8. The beam-column friction energy consumption node for the laminated wood structure according to claim 7, wherein the friction members (9) are divided into two types, namely a beam-end connecting plate (3) corresponding friction member and a column-side connecting plate (4) corresponding friction member, the two types of friction members (9) are respectively provided with holes consistent with the corresponding connecting plates, two corresponding friction members (9) are bonded to two sides of the beam-end connecting plate (3) through the structural adhesive (10), and the other two corresponding friction members (9) are bonded to the two column-side connecting plates (4) through the structural adhesive (10).

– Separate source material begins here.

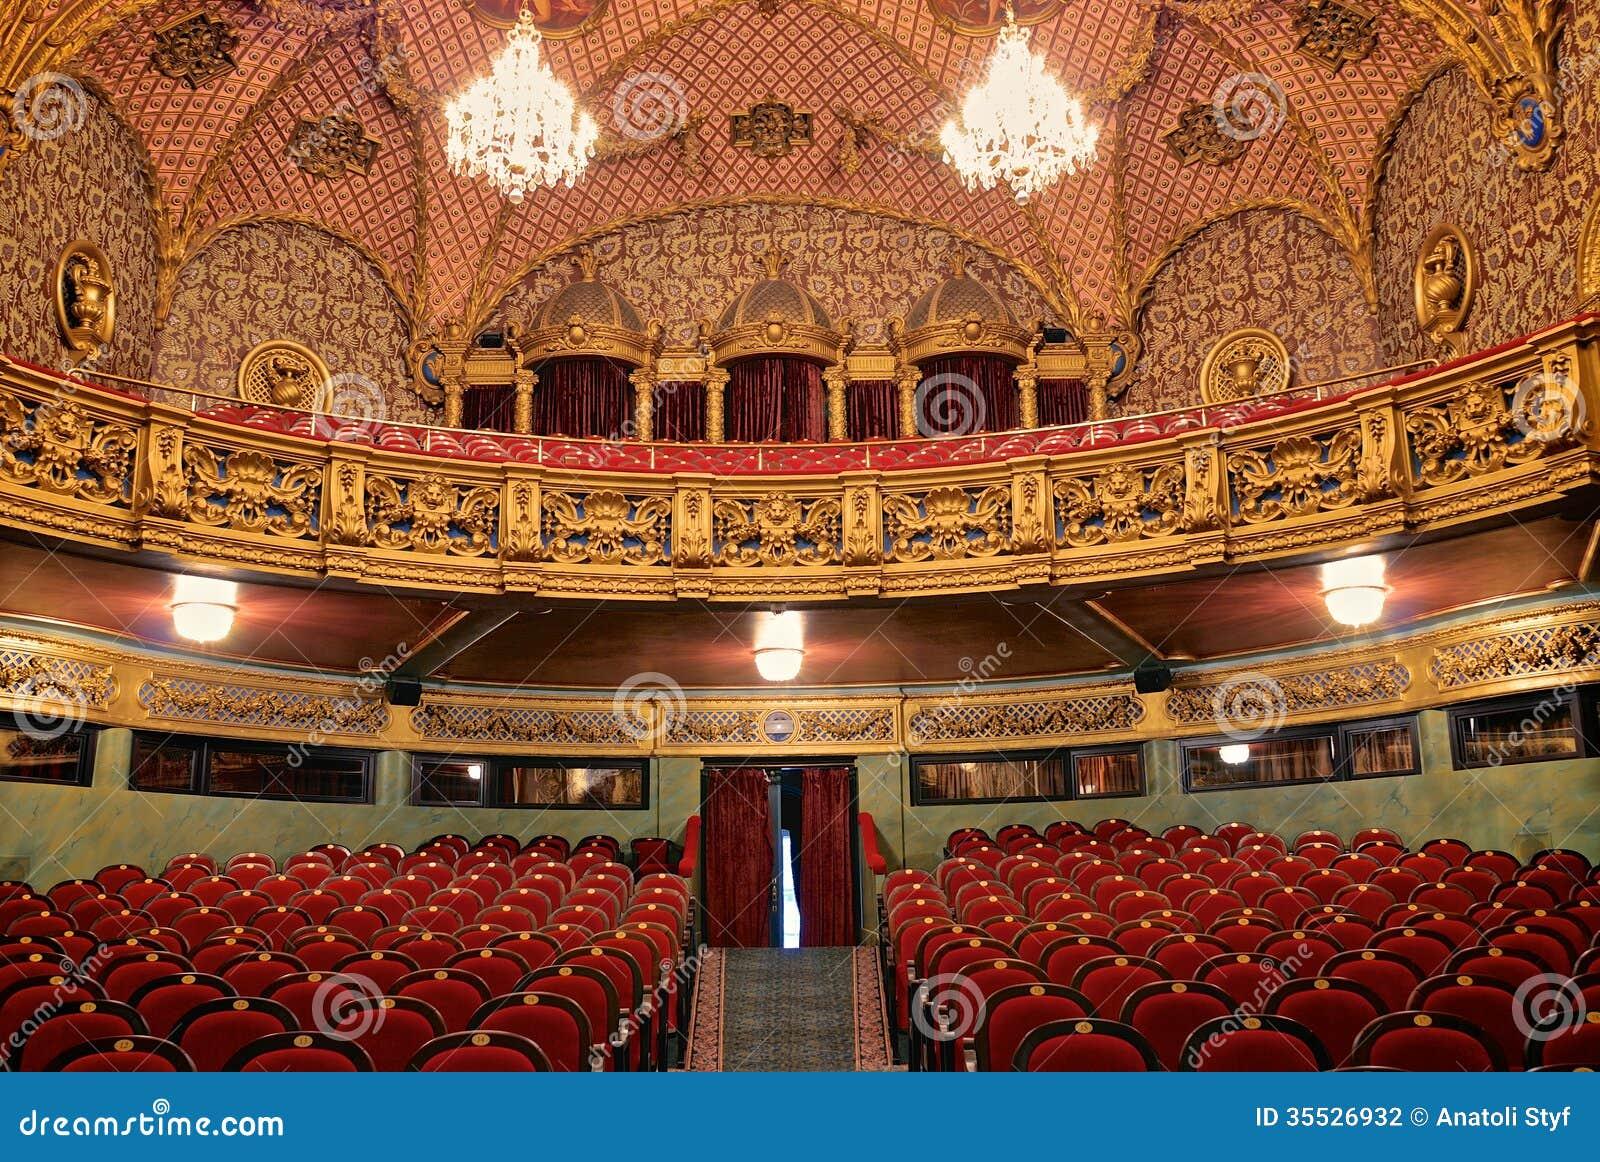 Wnętrze theatre
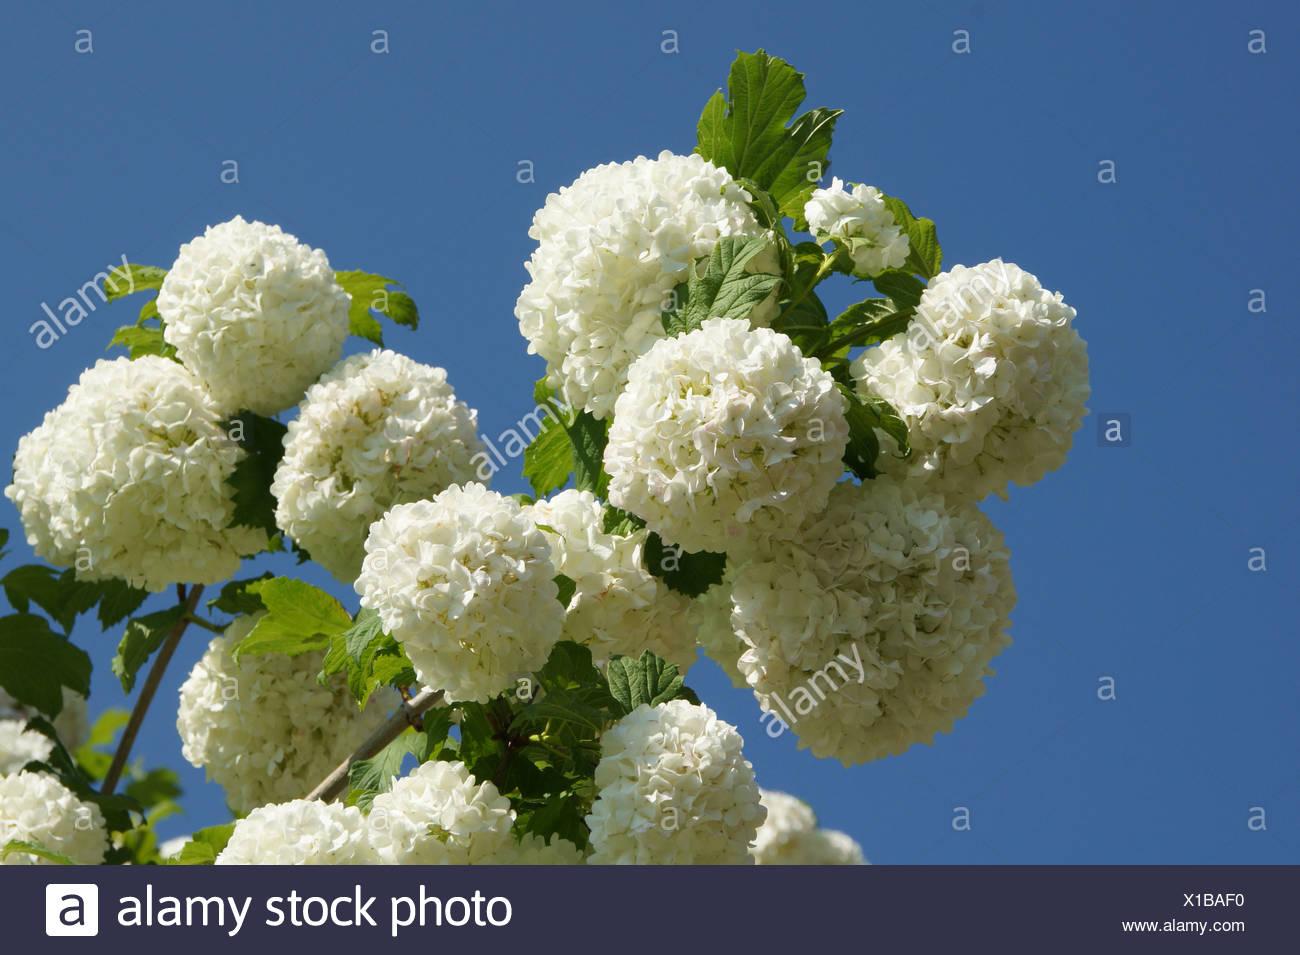 Snowball-shrub - Stock Image

9. The beam-column friction energy consumption node for the laminated wood structure as claimed in claim 2, wherein both sides of the end of the laminated wood beam (1) are preset with a round hole matched with a common bolt (5) and a notch matched with the beam-end connecting plate (3).

10. The beam-column friction energy consumption node for the laminated wood structure as claimed in claim 2, wherein the wood beam (1) is provided with a slotted hole in advance and is connected with the beam-end connecting plate (3) through a common bolt (5);

the wooden column (2) is provided with a slotted hole in advance and is connected with the column side connecting plate (4) through a common bolt (6).